You mean I Never Liked You? Because I was using that in The Playboy too, and even with “Showing Helder”.
Right, right.
That way of isolating certain panels from the others. So, in those terms, the breakthrough was probably “Showing Helder”, even though later on, midway through Underwater, I went back to using six panels per page. But yeah, that was a great way of working : being able to have as many panels per page as seemed necessary, and being able to isolate certain panels. Yeah, probably more work should be done way, or at least it’s a potential area to be explored by cartoonists.

Brown shows part of his work process, including a phone call to his colleague Seth. From "Showing Helder" in Yummy Fur #20.
So, how much planning goes into individual sequences? How do you put them together? Do you decide in advance roughly how many panels you’re going to use and how you’re going to distribute them on the pages?

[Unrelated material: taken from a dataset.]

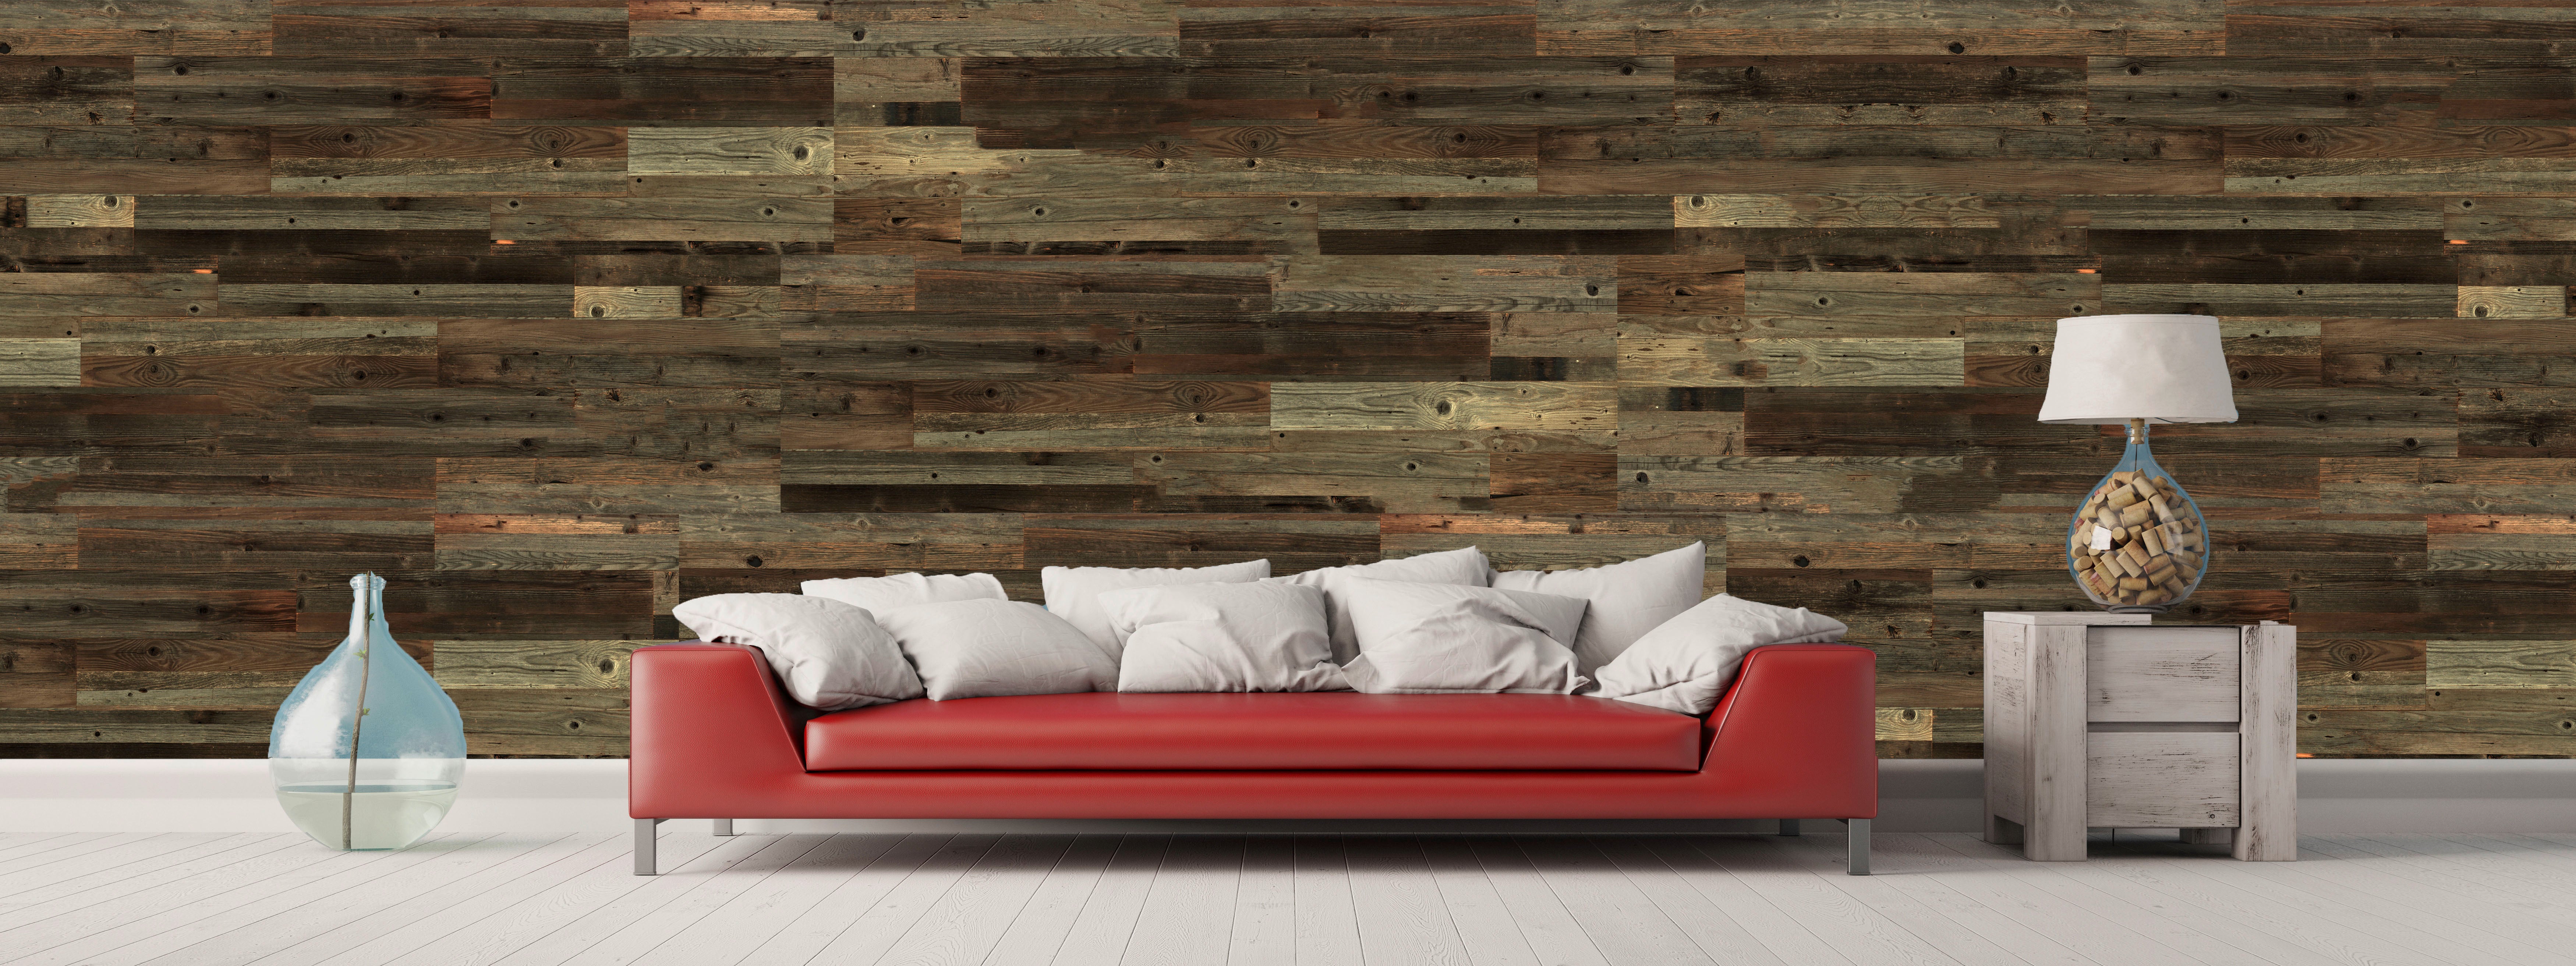 Rotes Sofa mit weißen Polstern, Wand verkleidet mit braunem Altholz
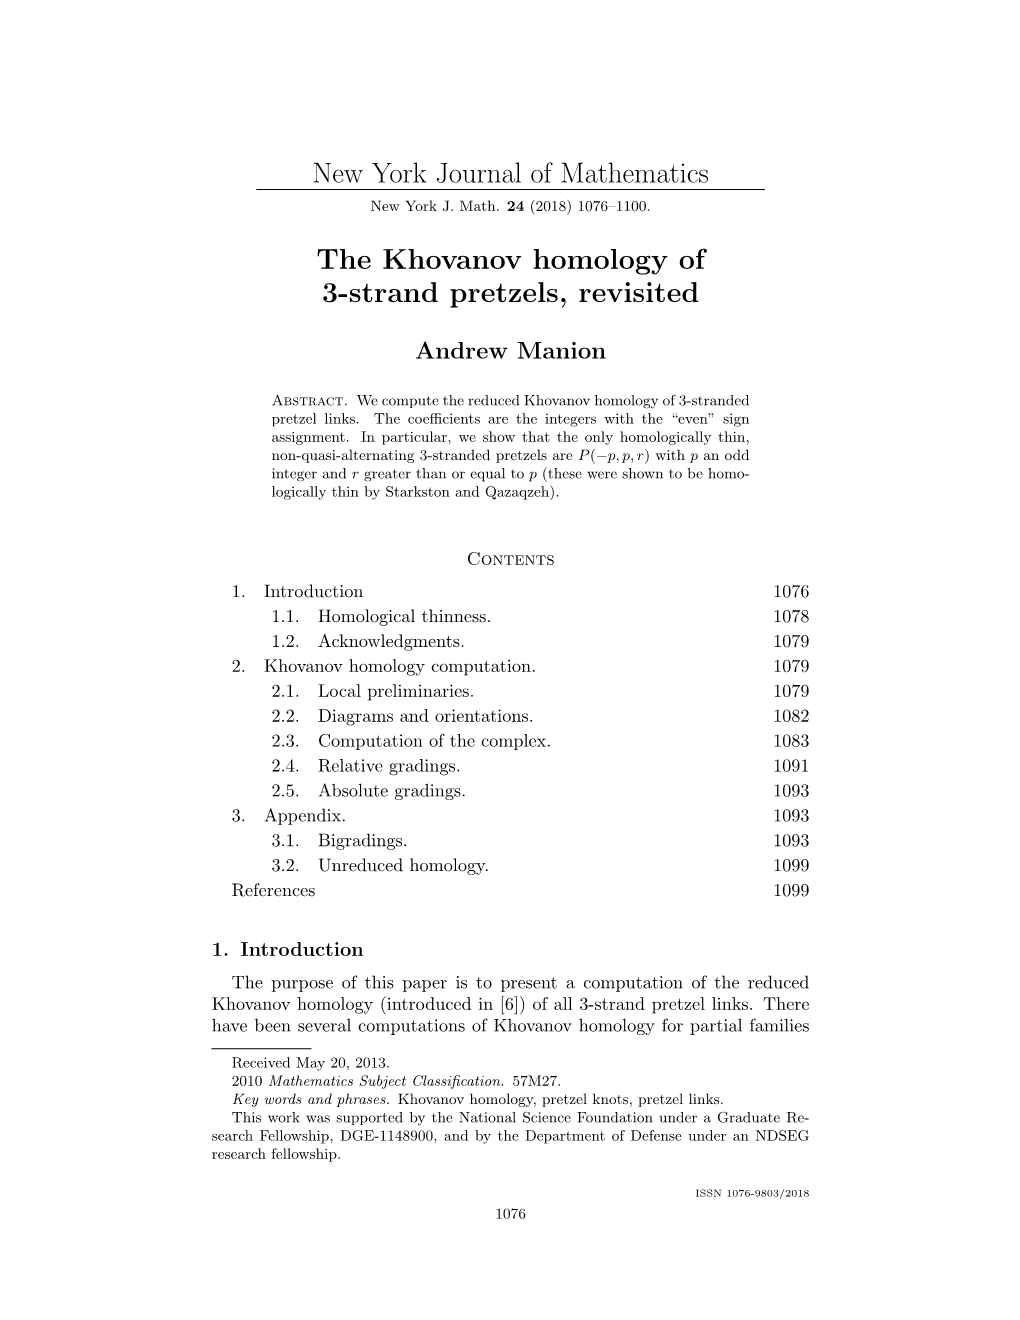 New York Journal of Mathematics the Khovanov Homology of 3-Strand

Well, with Riel, I did write out a full script beforehand. Each page of script was an 8,5 by 11″ sheet of paper and I would divide the sheet of paper into six panels and write the dialogue for each panel on it. And if it was necessary to remind myself what was going to be drawn in a panel, I would have stick figure indications. I wrote out the whole script, which ended up being 240 pages, and the story ended up being 272 pages I think, which is a bit longer because I extended scenes and added material to what was in the script. I knew that would happen as I was writing the script; the script was really a draft, just because the script indicated a certain number of panels didn’t mean that was the number of panels that were going to end up being on the actual page once the book was finished.
Did you take out a lot?
There were some scenes that were not drawn, but I definitely added more than I took out.
Because I was wondering : the cover of the last issue of Riel has him exiting the window, going to his execution, an image which isn’t found in the actual book.
Right.
Are there many instances of that?
That scene was drawn for the interior of the comic and then I decided it wasn’t necessary for the story, and then I needed an image for the cover and I decided to use it [Matthias chuckles]. And yeah, there were quite a few panels like that which were taken out.

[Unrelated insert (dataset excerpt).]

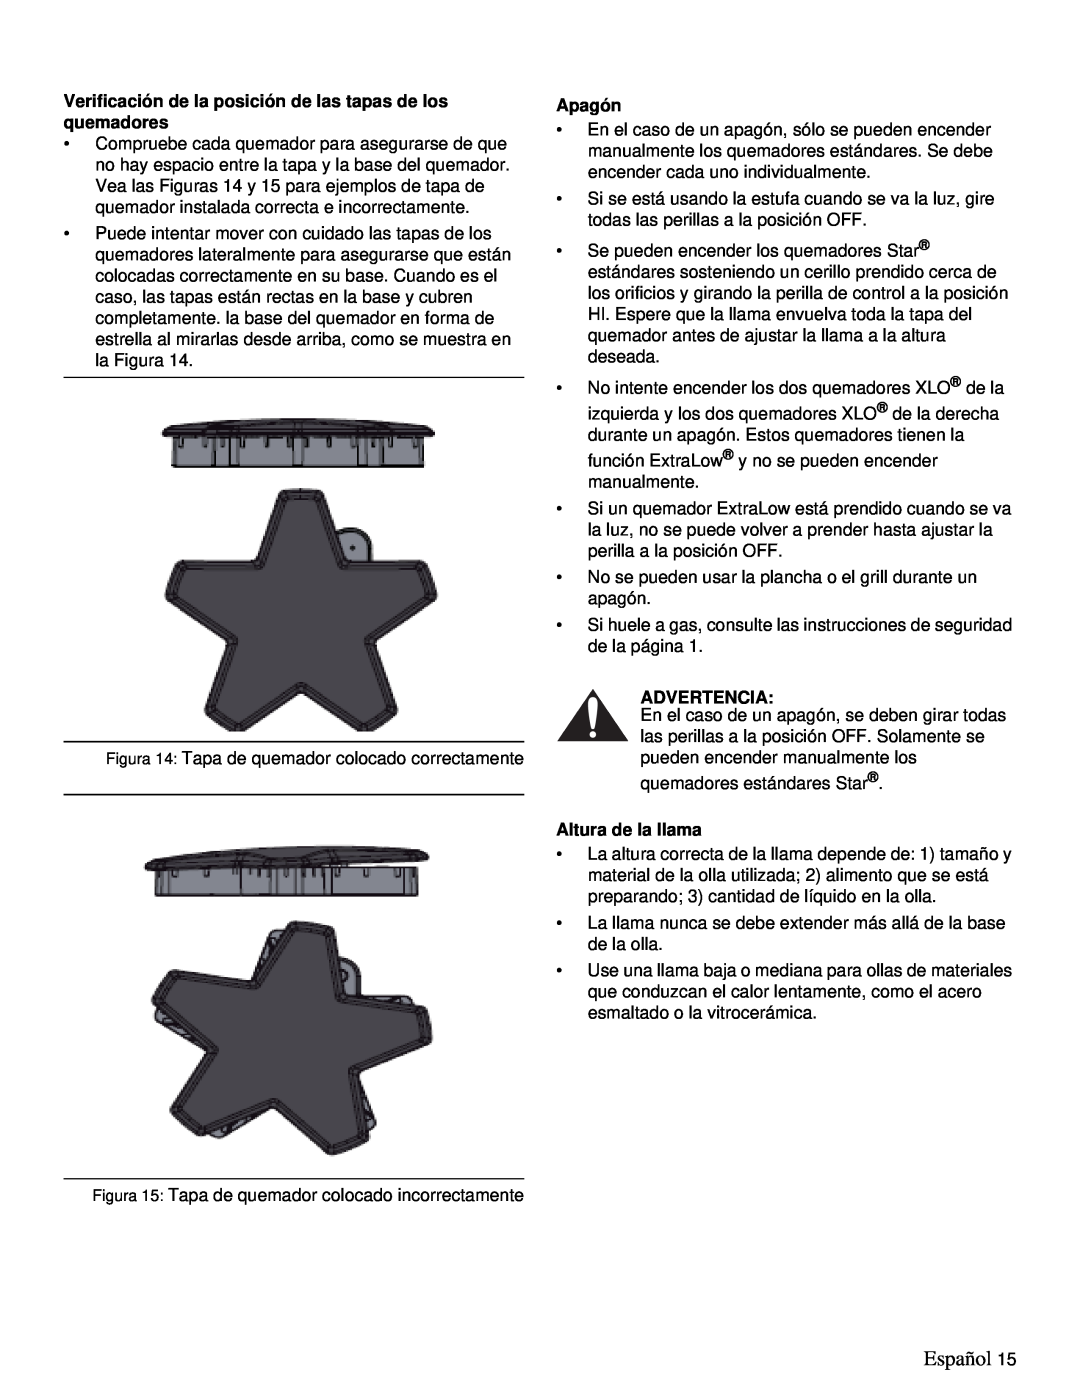 Thermador PRD36, PRD48 manual Español, Apagón, Advertencia, Altura de la llama

We’re getting very technical here [chuckles]. Just to wrap up, I think I want to ask you whether you see your work as continuously exploring similar themes or moving towards new ones? Some of cartoonists I’ve talked to basically say they’ve explored the same set of themes in all their work and will continue to do so : how do you see your work in relation to that? Is it something you’ve given any thought?
Hm… [long pause]. There are things I’m becoming more interested in dealing with, which I’m not sure were present in the earlier work, particularly political ideas. My earlier work wasn’t that political…
Do you see Riel as being very political?
It’s probably not as political as the work I’ll be doing in the future.
Is this a result of your work on it?
Yeah, working on Riel changed my political perspective and I’m going to want to reflect that in the work I do in the future.
How so? Do you want to express a particular political viewpoint? Or, as I see it, present a situation as you do it in Riel and leave it ambiguous? That’s why I asked whether you thought it was a political book, because I don’t perceive it to be pushing a political agenda.
It’s not an explicit agenda, that’s for sure, and the work I do in the future will probably be more explicit.